--- MATERIAL SHOWN Enclosed Below ---
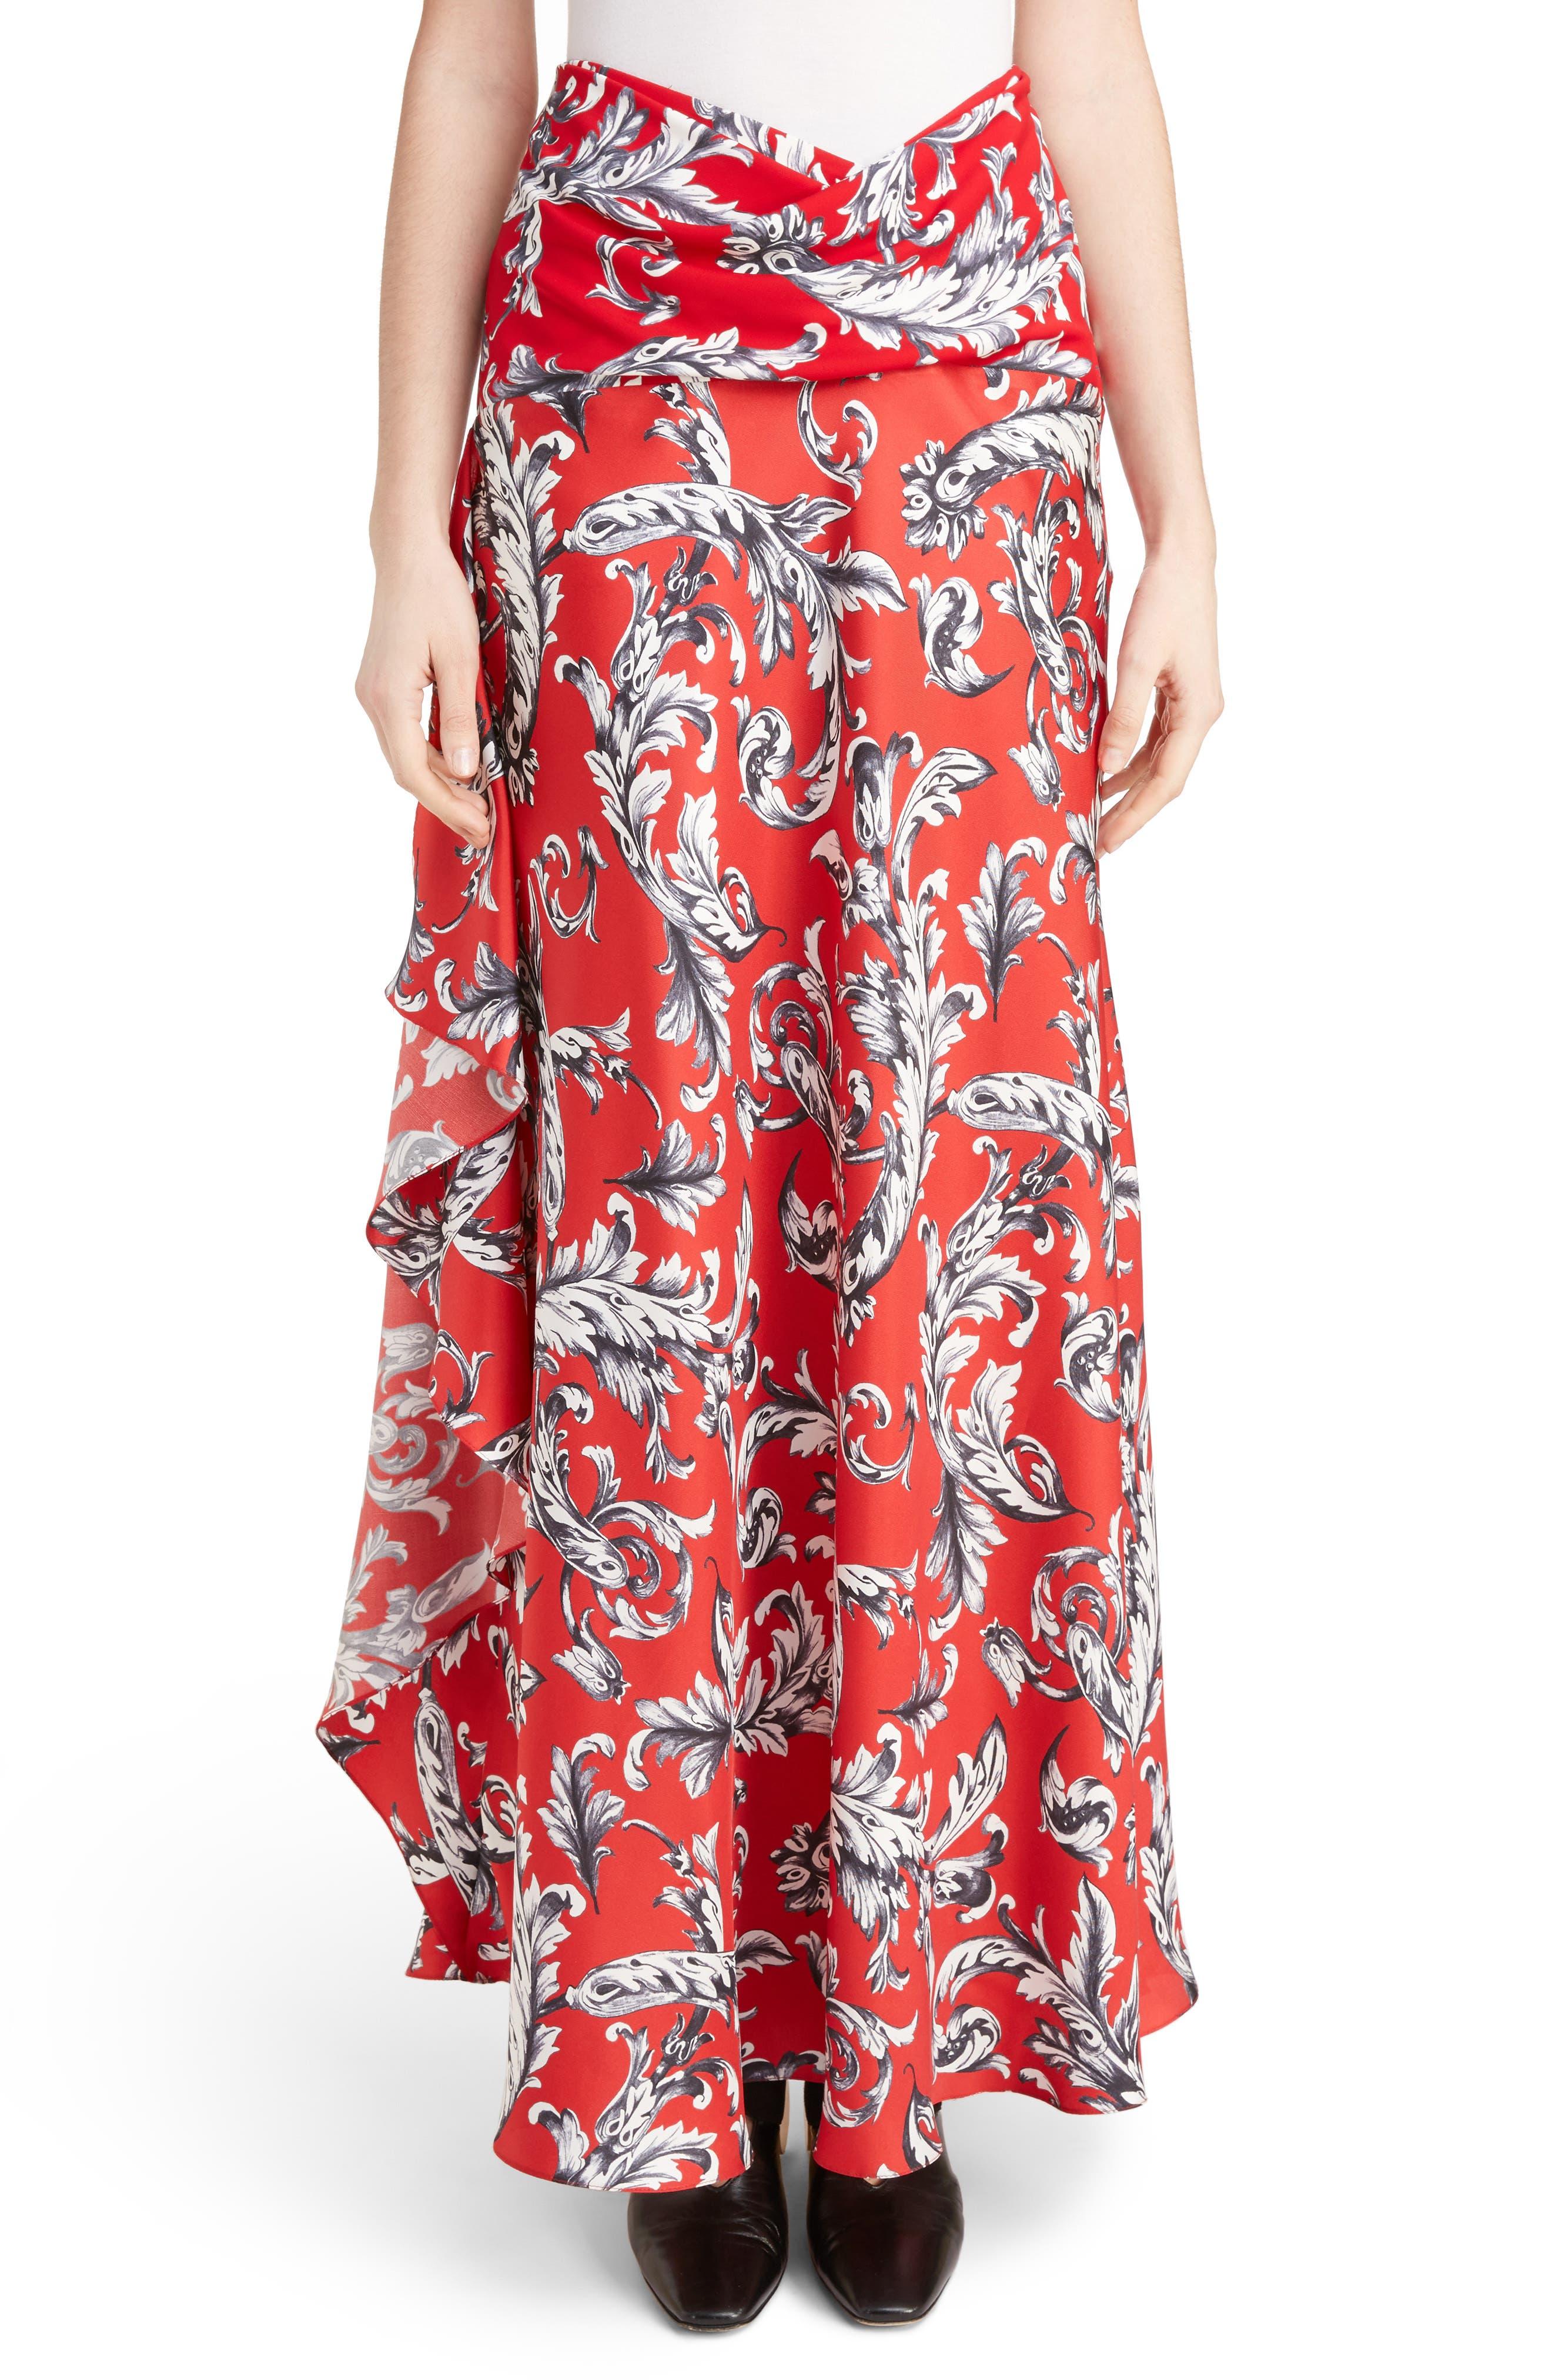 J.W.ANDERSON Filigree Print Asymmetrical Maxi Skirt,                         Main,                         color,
--- End of Enclosed MATERIAL SHOWN ---
--- MATERIAL SHOWN Enclosed Below ---
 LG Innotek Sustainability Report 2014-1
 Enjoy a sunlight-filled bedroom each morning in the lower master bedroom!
--- End of Enclosed MATERIAL SHOWN ---
§ **WHAT YOU ARE ASKED TO DO**
Among the entries above, locate the lines containing "LG Innotek Sustainability Report 2014-1" and "Enjoy a sunlight-filled", and transcribe exactly those two lines and all lines between.

§ **OUTPUT BELOW**
 LG Innotek Sustainability Report 2014-1
 Enjoy a sunlight-filled bedroom each morning in the lower master bedroom!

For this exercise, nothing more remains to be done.